*Task instructions*
Restate each line below word for word, skipping every picture.

*Source material*
____________________
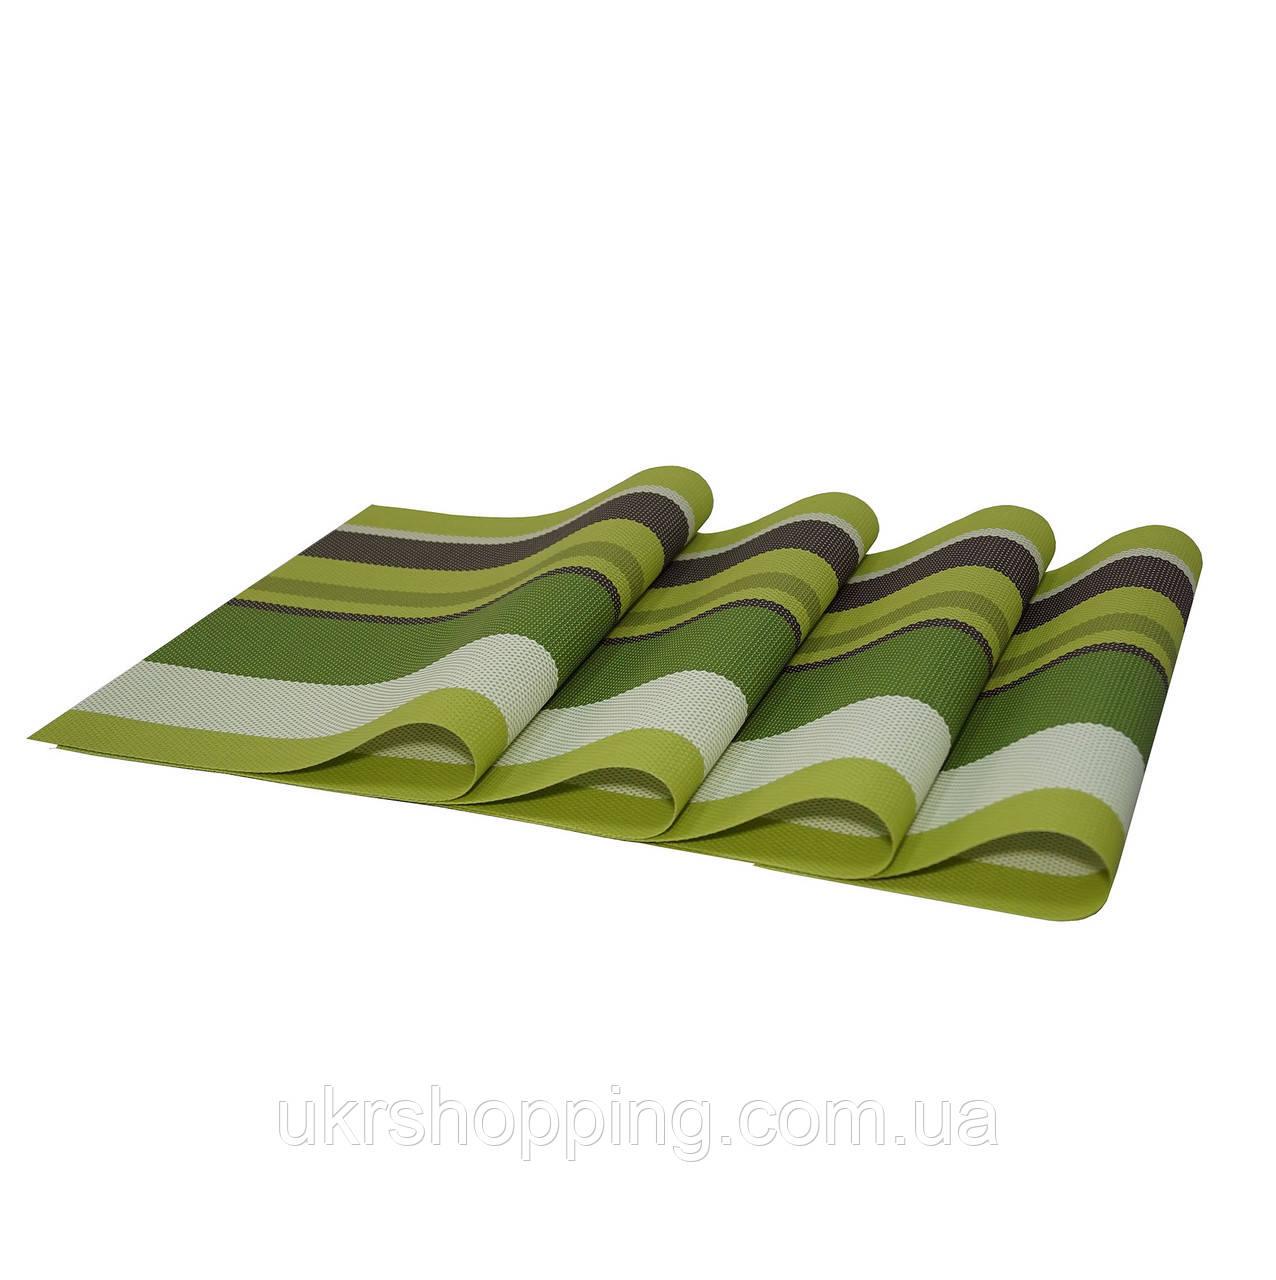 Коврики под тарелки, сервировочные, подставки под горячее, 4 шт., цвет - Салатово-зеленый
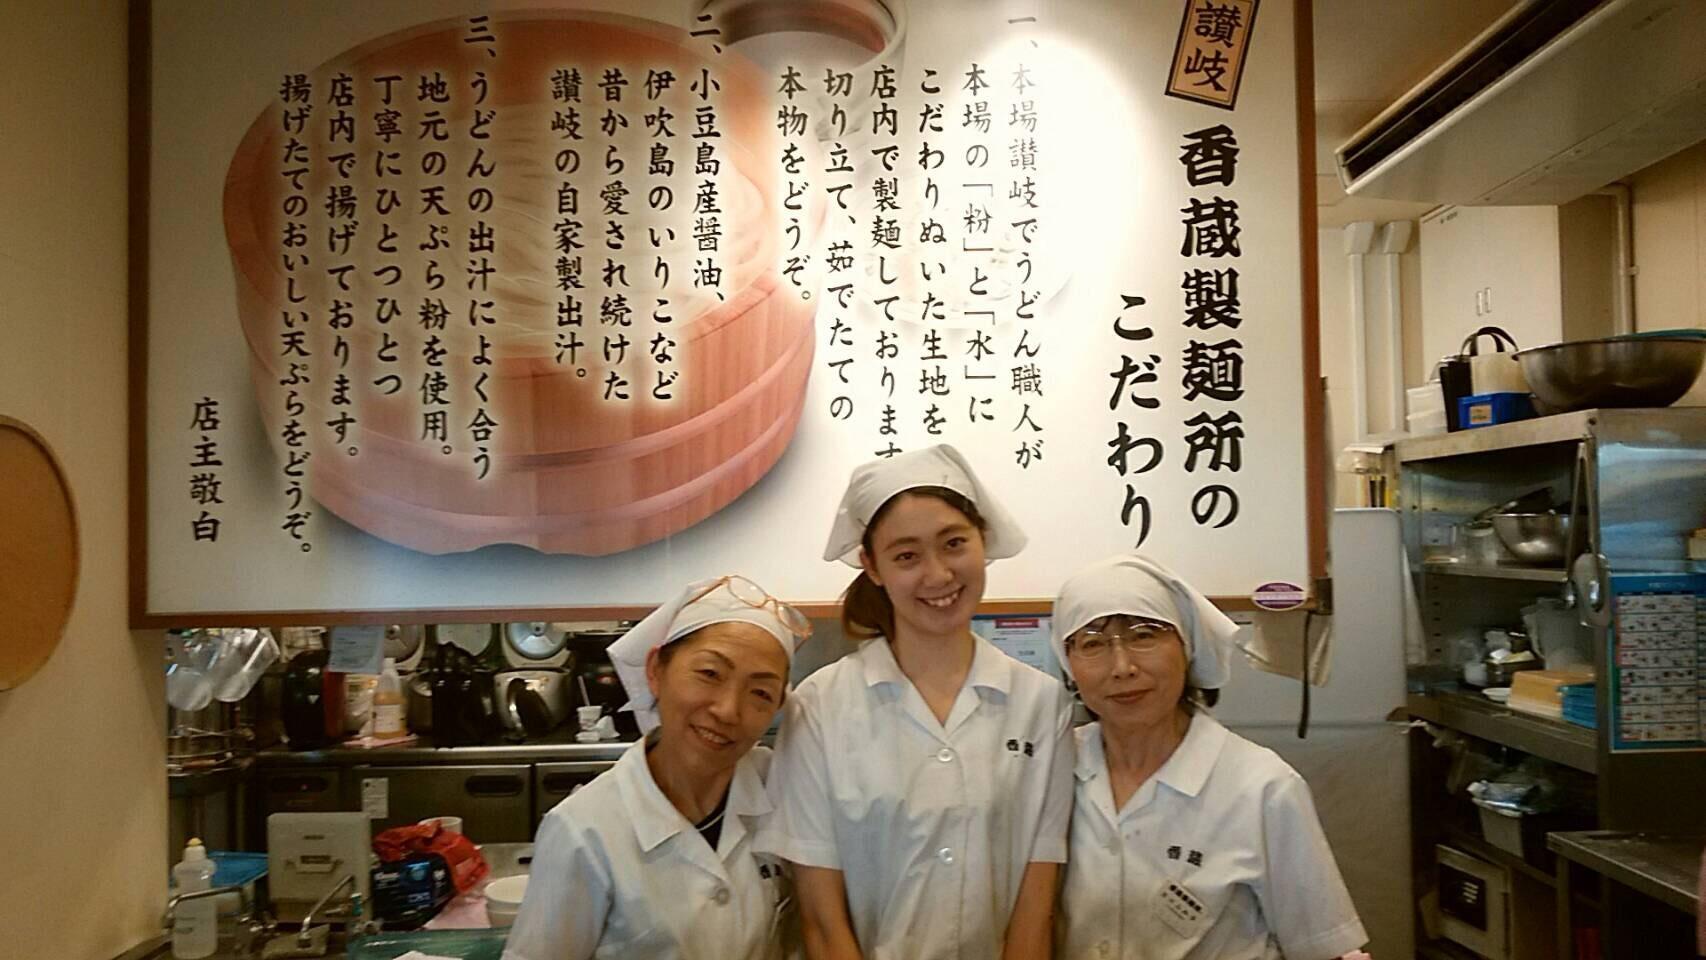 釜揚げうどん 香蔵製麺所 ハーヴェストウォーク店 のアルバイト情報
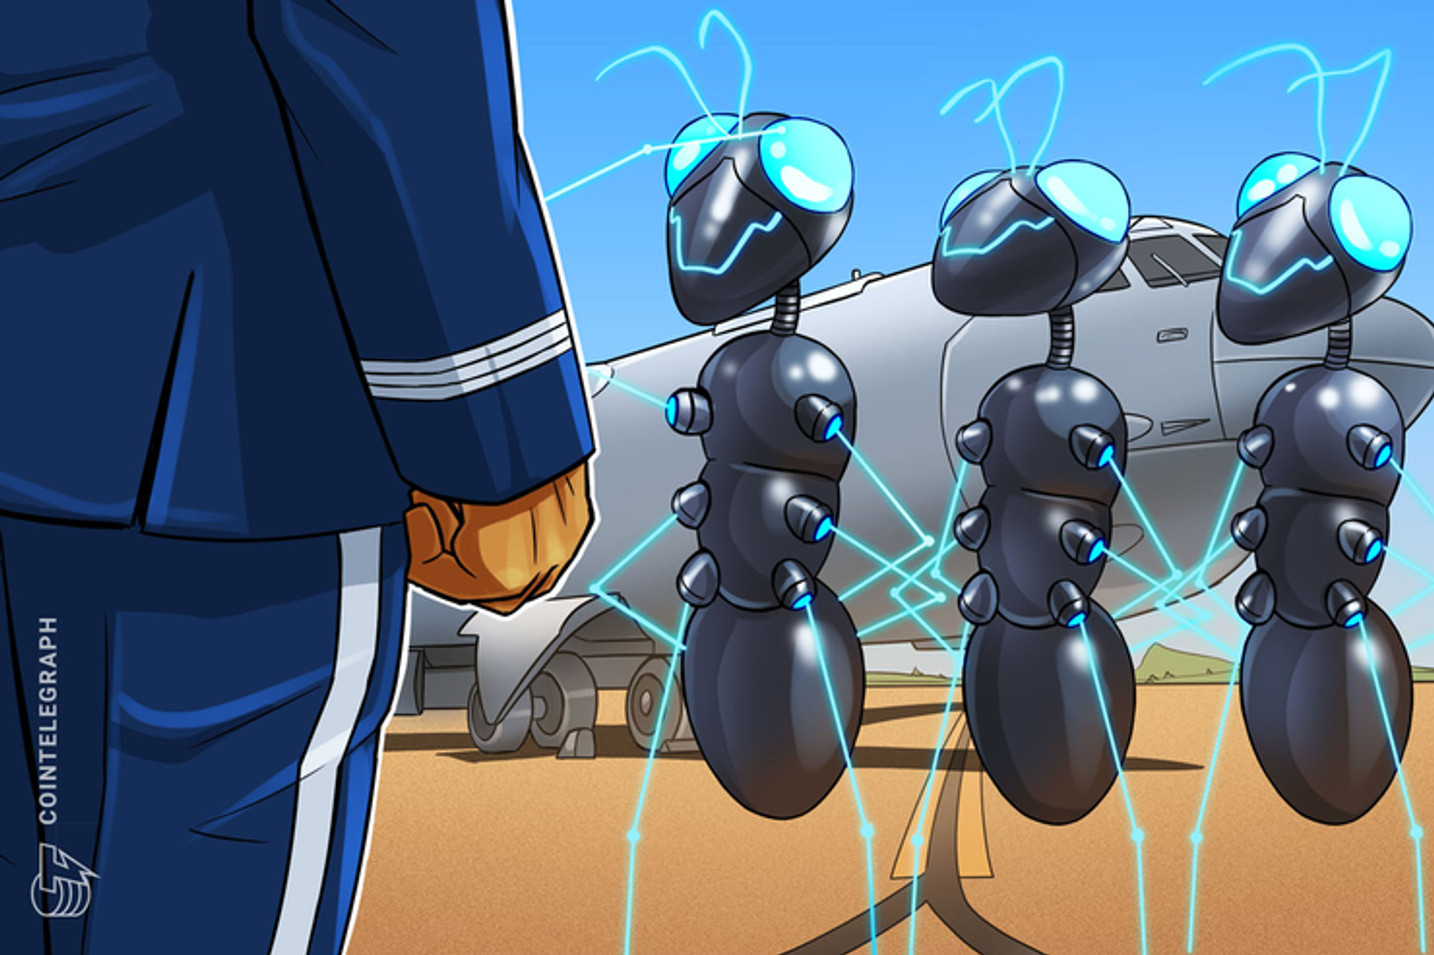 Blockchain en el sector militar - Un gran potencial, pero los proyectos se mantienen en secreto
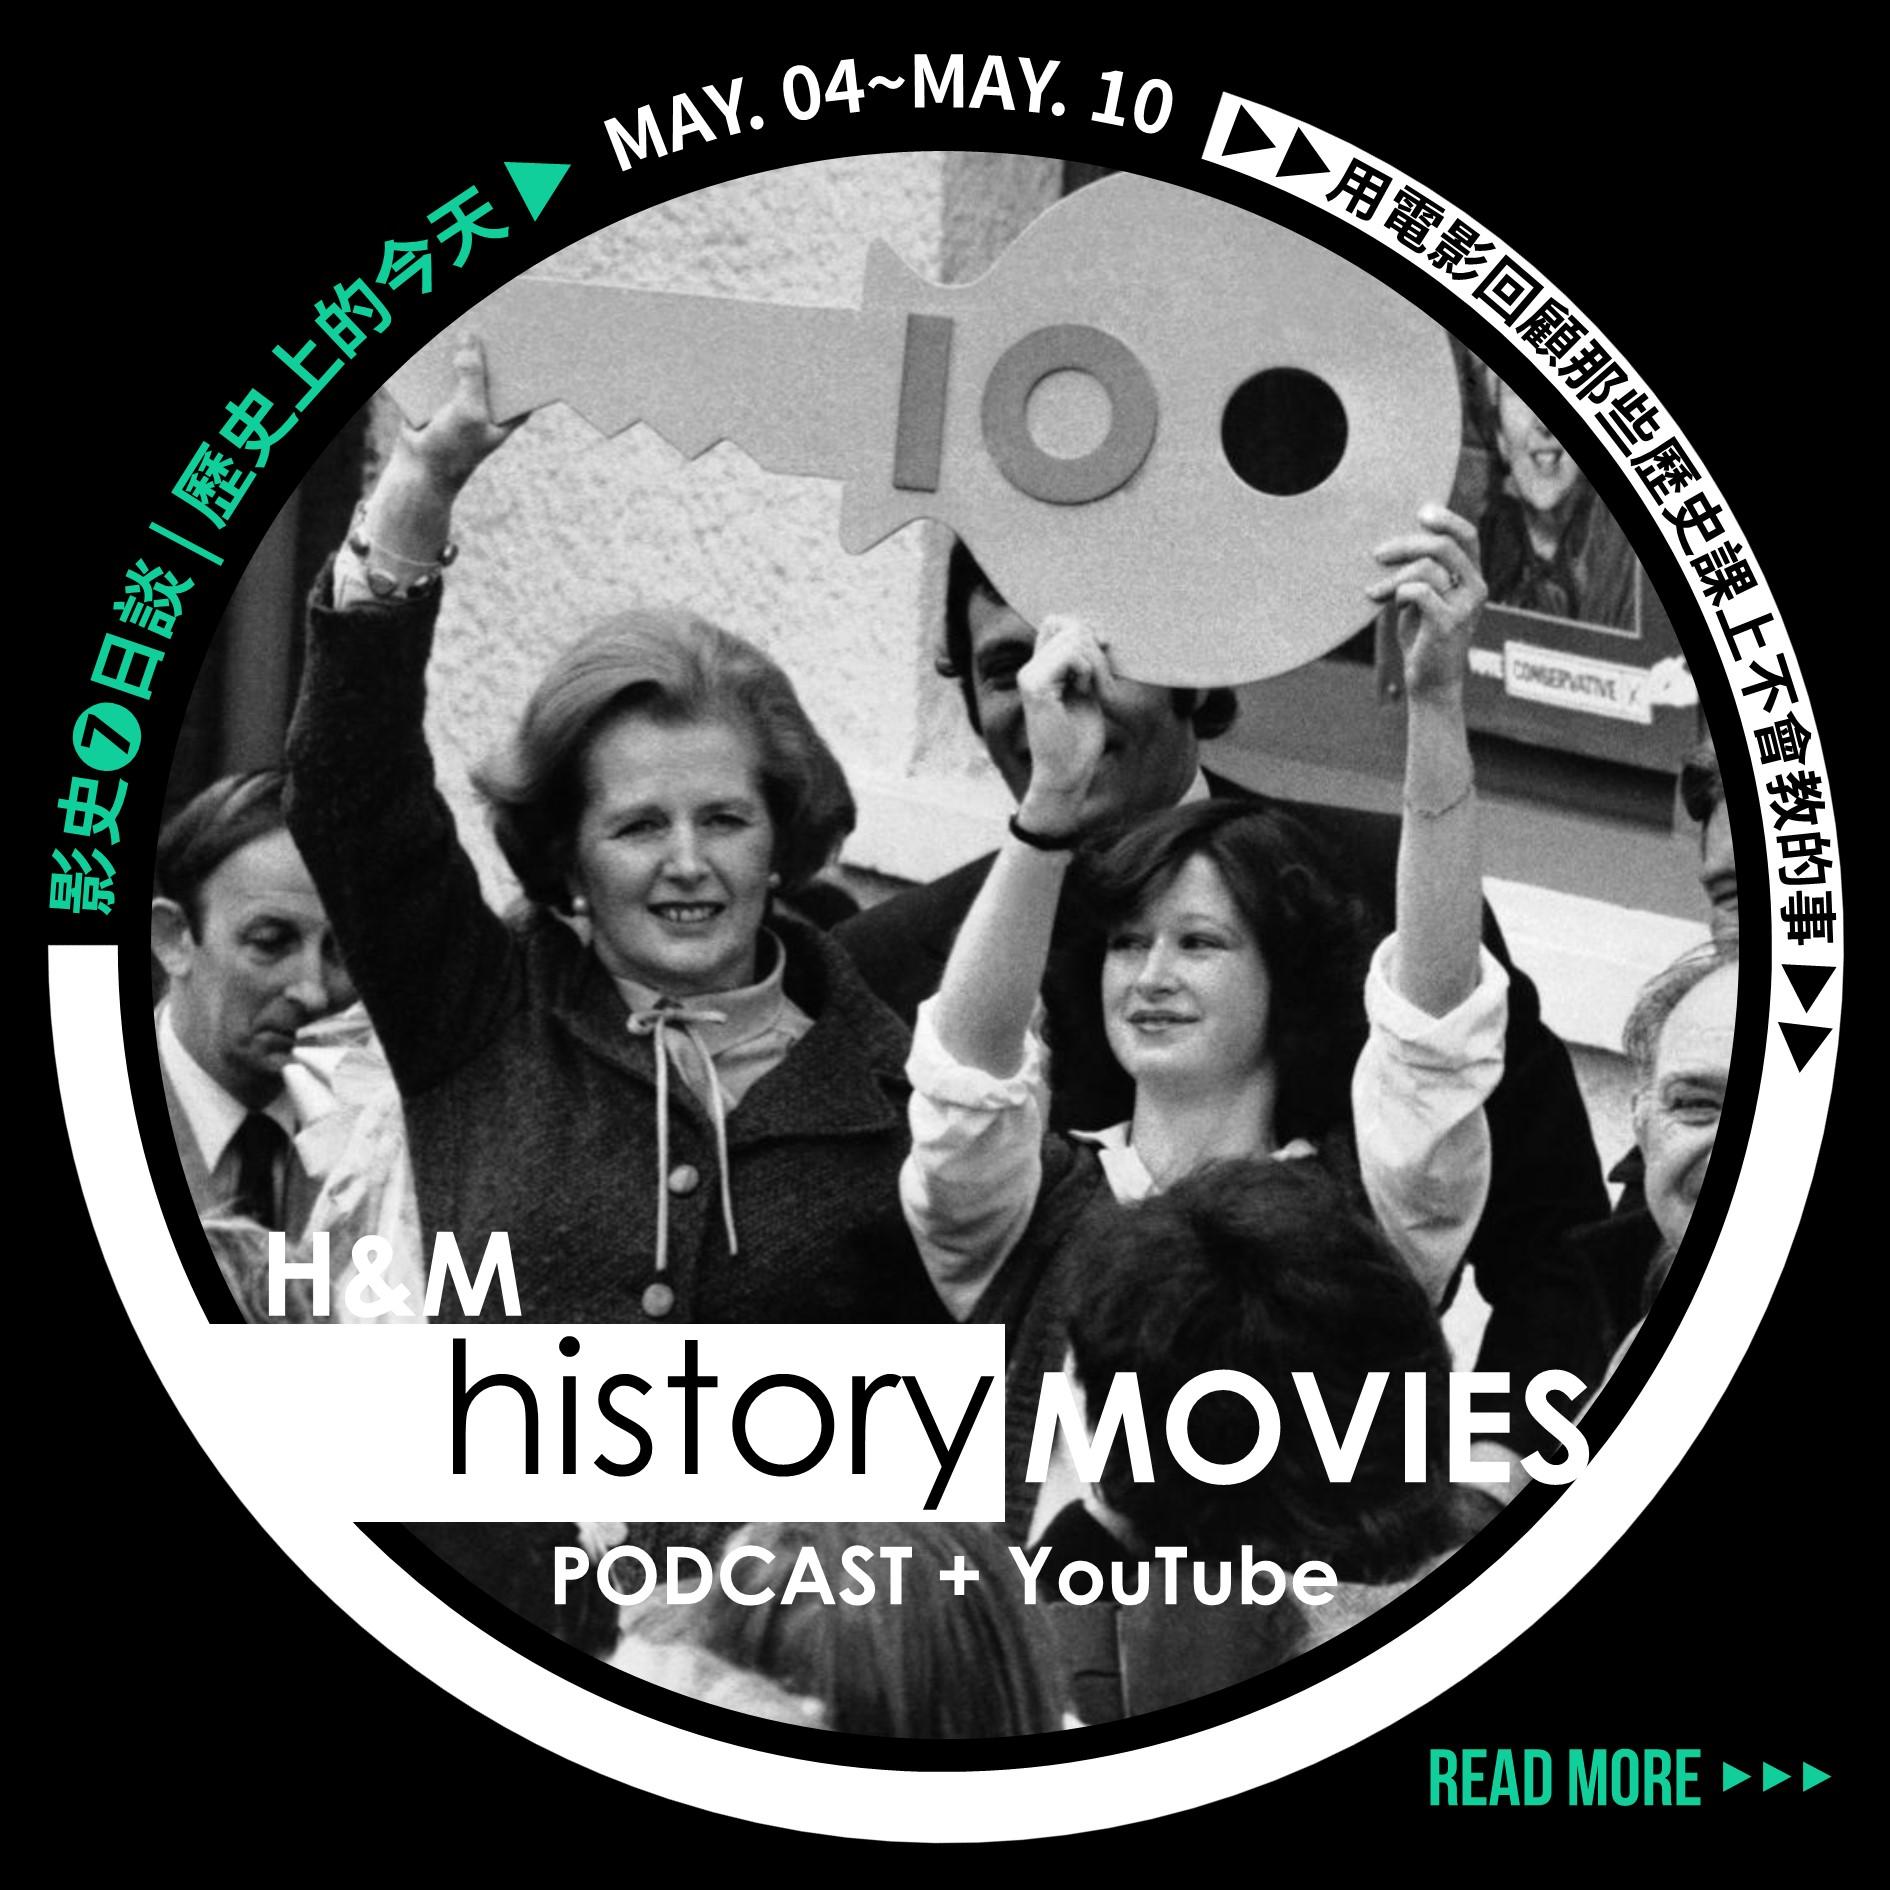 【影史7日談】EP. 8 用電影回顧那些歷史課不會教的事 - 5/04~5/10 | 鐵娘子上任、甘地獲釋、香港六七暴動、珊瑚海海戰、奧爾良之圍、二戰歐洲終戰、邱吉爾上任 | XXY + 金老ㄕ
____________________
*Solution to this task*
 Коврики под тарелки, сервировочные, подставки под горячее, 4 шт., цвет - Салатово-зеленый
 釜揚げうどん 香蔵製麺所 ハーヴェストウォーク店 のアルバイト情報
 Blockchain en el sector militar - Un gran potencial, pero los proyectos se mantienen en secreto
 【影史7日談】EP. 8 用電影回顧那些歷史課不會教的事 - 5/04~5/10 | 鐵娘子上任、甘地獲釋、香港六七暴動、珊瑚海海戰、奧爾良之圍、二戰歐洲終戰、邱吉爾上任 | XXY + 金老ㄕ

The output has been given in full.